Disciplinary proceedings against advocates & solicitor are set out in Part VII of the LPA 1976. According to Section 94 of the Legal Professions Act 1976, all advocates and solicitors shall be subject for the purposes of all disciplinary actions to the control of the Disciplinary Board. One of the misconduct of the advocates & solicitor is listed in Section 94(3)(c) of the LPA 1976 is dishonest or fraudulent conduct in the discharge of his duties. It was the fact of this case that Peter had cheated Susie over a land transaction. So, it is possible for Peter to be brought to the Disciplinary Board for misconduct.

Disciplinary proceedings against Peter can be initiated in 3 ways as being laid out in Section 99 of the Legal Professions Act 1976. First, Emi can lodge a complaint regarding the misconduct of Peter and send the complaint to the Advocates & Solicitors Disciplinary Board. Secondly, any court, judicial officer of the subordinate court or judge of one of the superior courts or Attorney General can refers the complaint against the same Disciplinary Board. Thirdly, the Bar Council or State Bar Committee can makes a complaint of its own motion against the same to the Disciplinary Board.
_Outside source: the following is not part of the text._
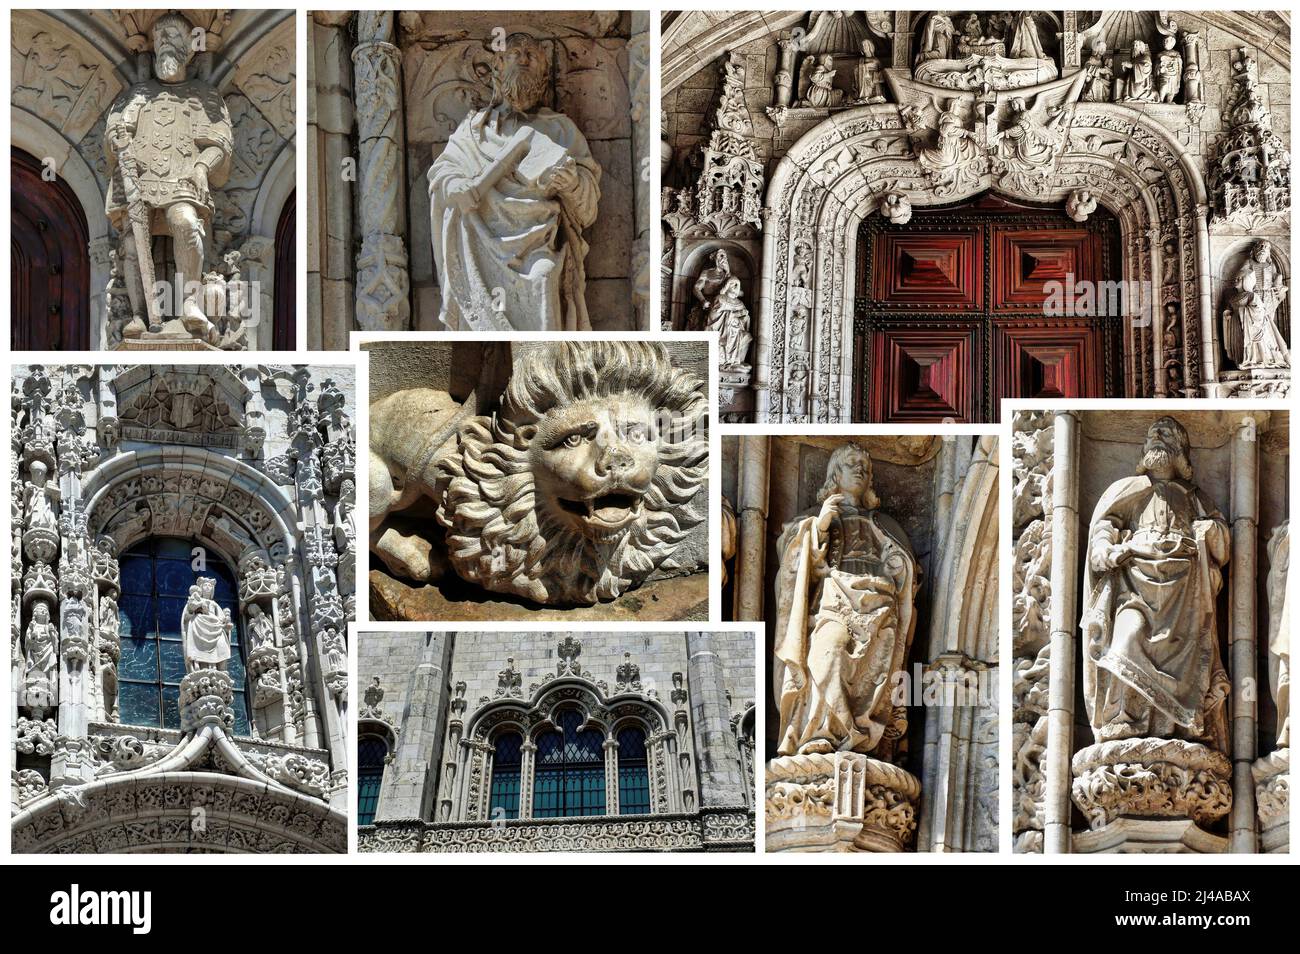 Some architectural details of the Jerónimos Monastery is one of the most important examples of the Portuguese Manueline architectural style in Lisbon. Stock Photo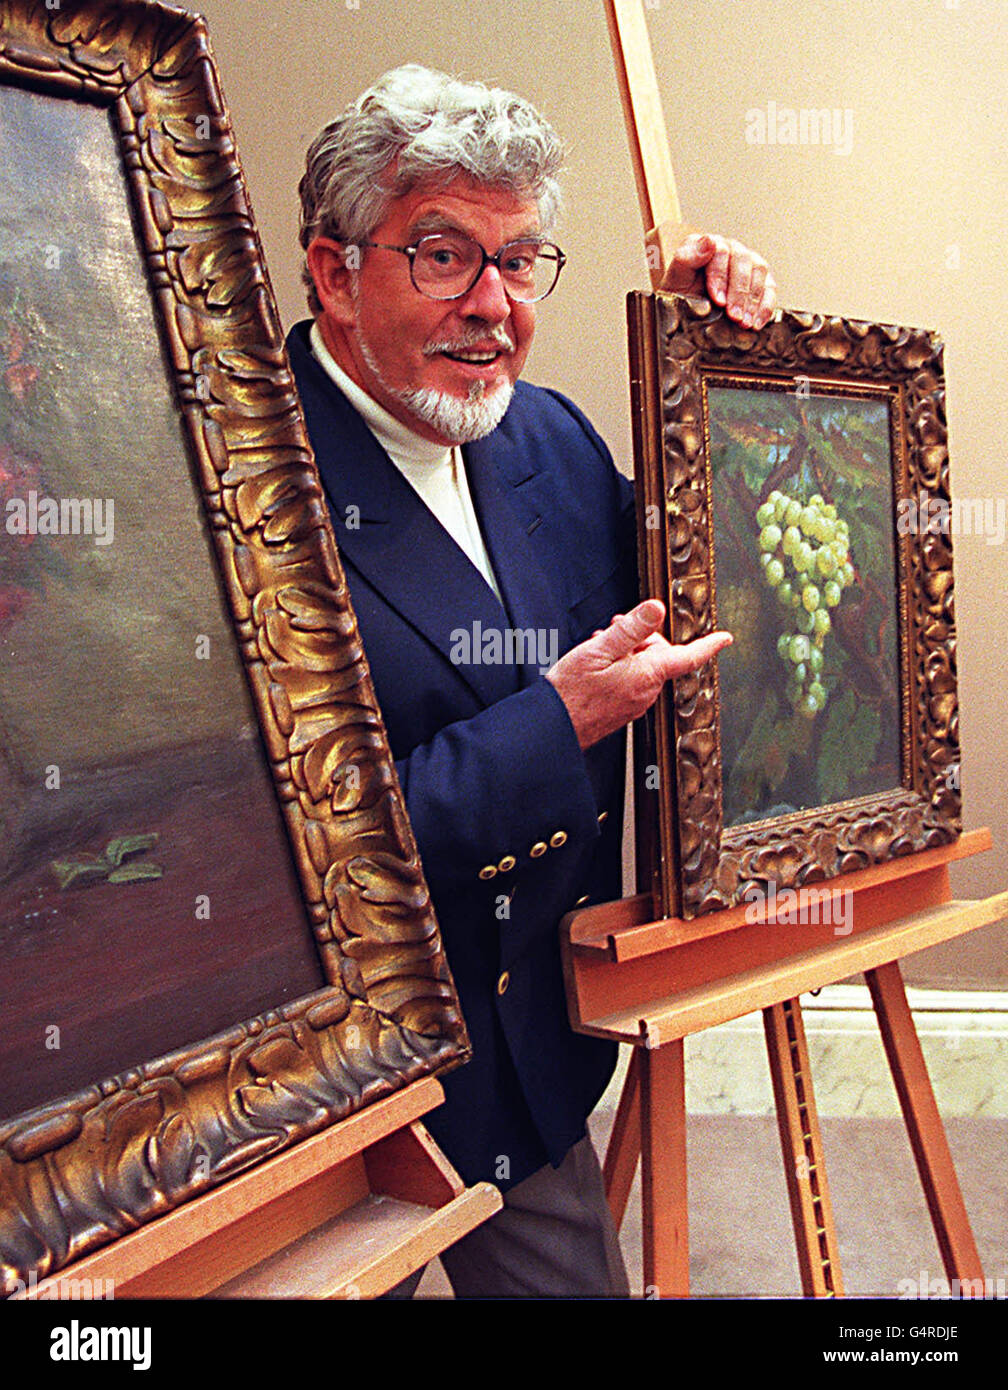 TV presenter and entertainer Rolf Harris with some of his grandfather's paintings at Sotheby's in London. George Harris sold the paintings in 1920 to pay for his trip to Australia, which are due to be auctioned in Sotheby's first Welsh Sale, in Wales on 19-20/10/1999. Stock Photo

The punishment that the Disciplinary Board can impose is laid out in section 100(8) of the Legal Professions Act. The maximum punishment that can be imposed by Disciplinary Board towards Peter is he can be strike off from the Roll of Advocates and Solicitors. Among other punishment are : reprimand, fined, and suspension of the advocate and solicitor from practice for such period not exceeding five years as the DB deems appropriate.